I really enjoyed this book and I think it’s pretty safe to say that I’ll be reading more Silverberg novels in the future.
This book concerns David Selig, or Duv as his sister Judith (who he has a strange relationship with as he can read her most secretive of thoughts) calls him. All his life he has been telepathic and therefore able to read people’s thoughts. However, he’s gradually losing this gift and ‘dying inside’, as the title suggests. The story follows David as this telepathic ability is waning, and the conflicting emotions this gives rise too. On one hand he can’t imagine a life without this gift, and on the other he’s curious to see how we mere-mortals sustain relationships without caressing each other’s inner most thoughts.

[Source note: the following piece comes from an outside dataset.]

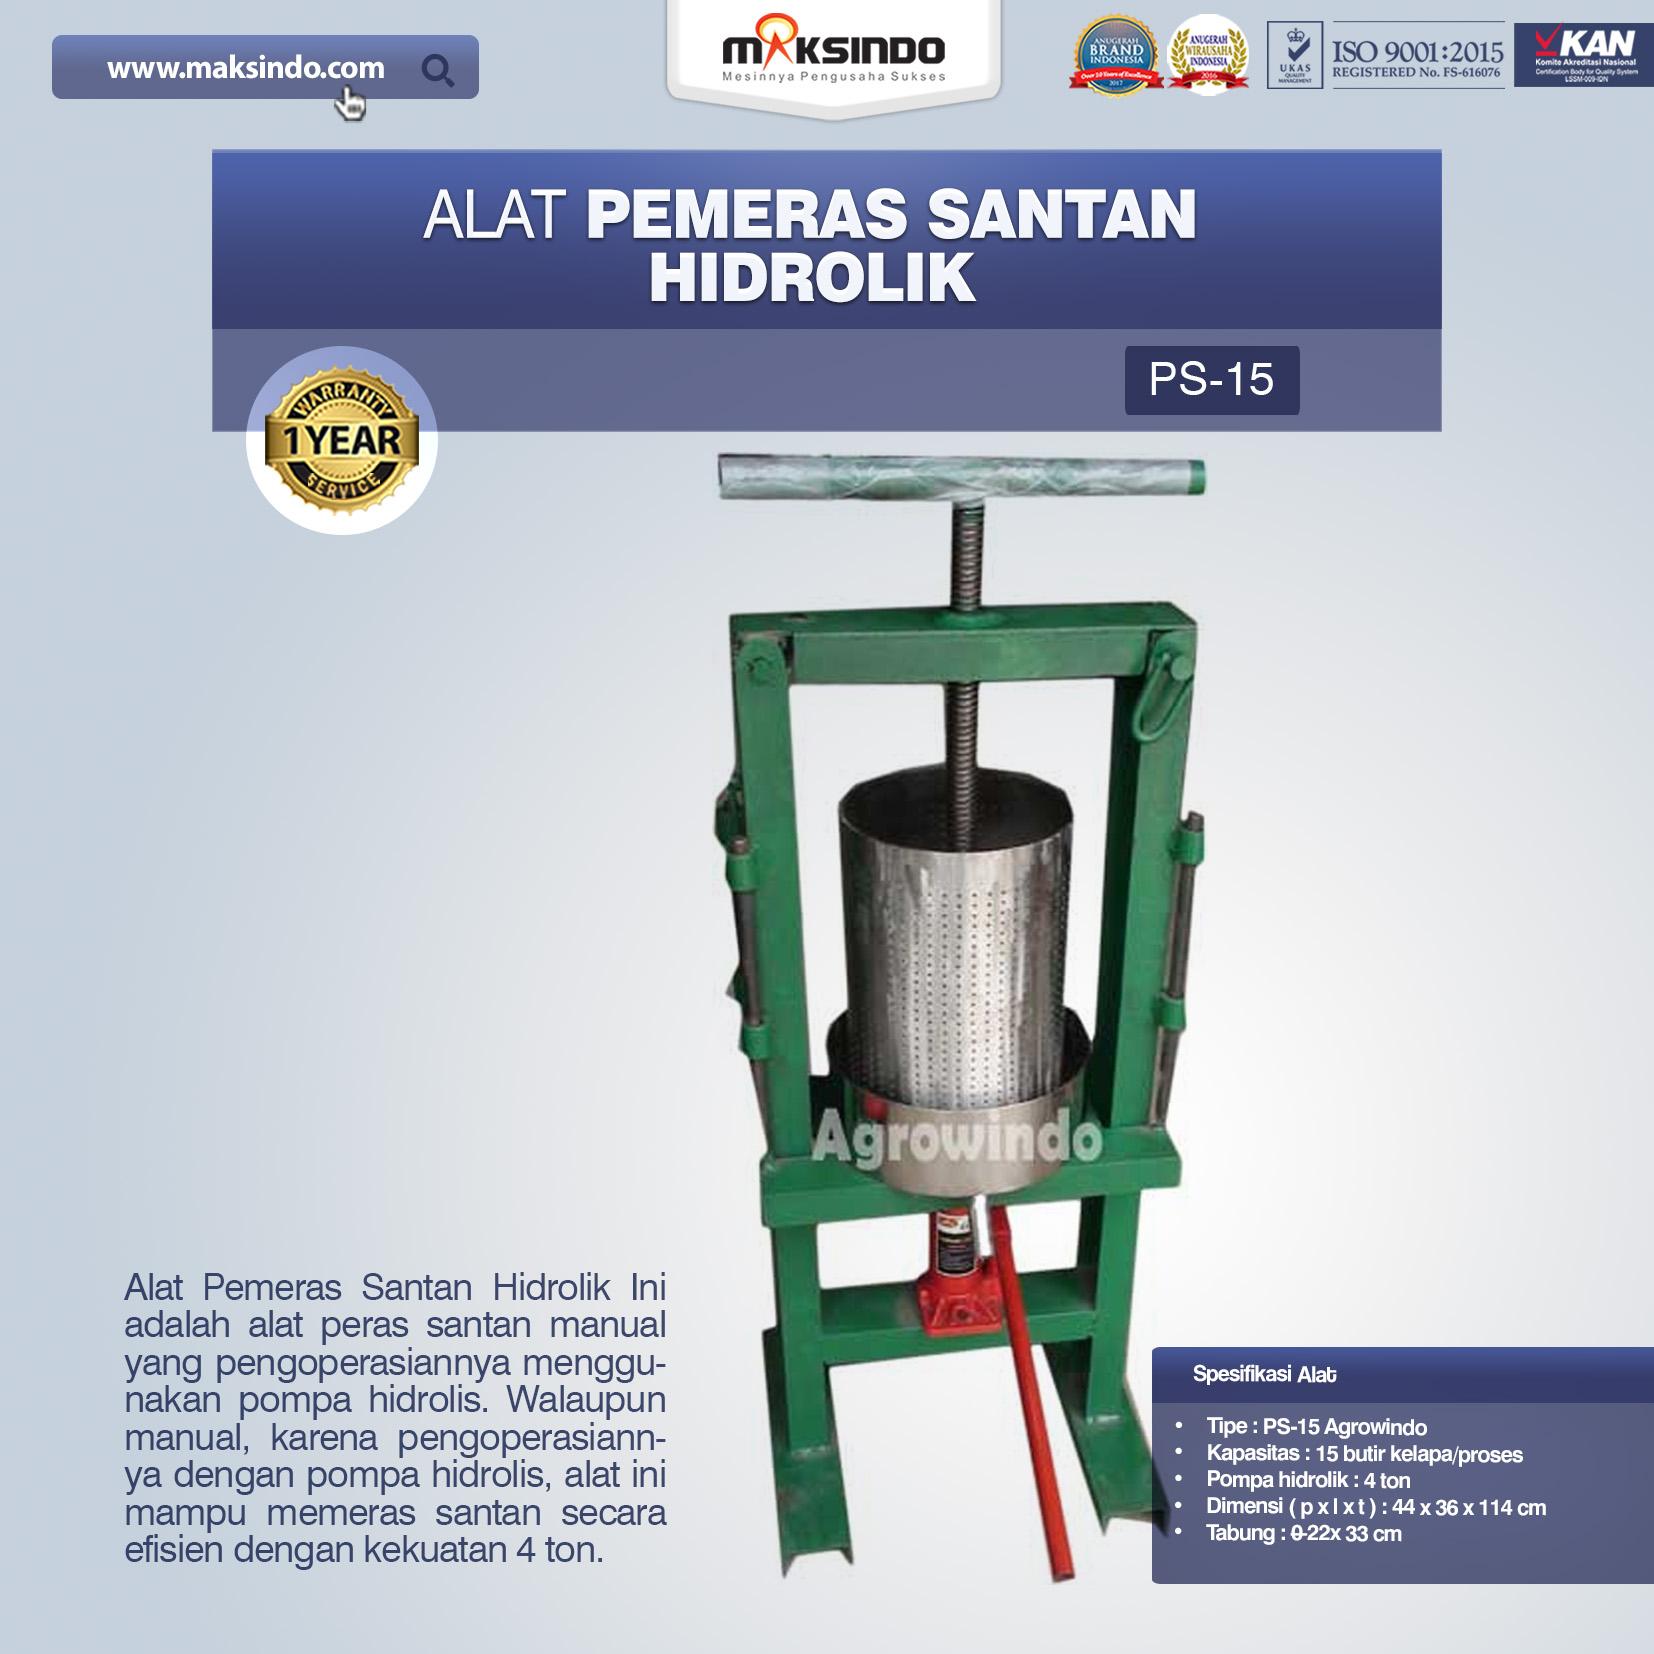 Jual Mesin Pemeras Santan di Palembang

This book alternated between first and third person point-of-view, and there was also a chapter that read like an interview. This alternating structure always gives a book a freshness I feel and breaks up the monotony.
One reason I’ve not marked this book higher is that the characters didn’t really jump off the page for me. I didn’t particularly care about David one way or the other. I don’t think the reason I didn’t love David is because he wasn’t adequately drawn, I think it’s simply because I was of the same mind as his sister, and viewed him as a bit of a snake for dredging up everyone’s inner most secrets! As you’ve probably guessed then, Judith was the character I connected with most.
I think the novel may have benefited from being a bit longer as well. It ended rather abruptly and could have done with an extra chapter or two. All-in-all though it posed a lot of pertinent questions about what it is to be human, and makes the reader question their own judgement and perspective.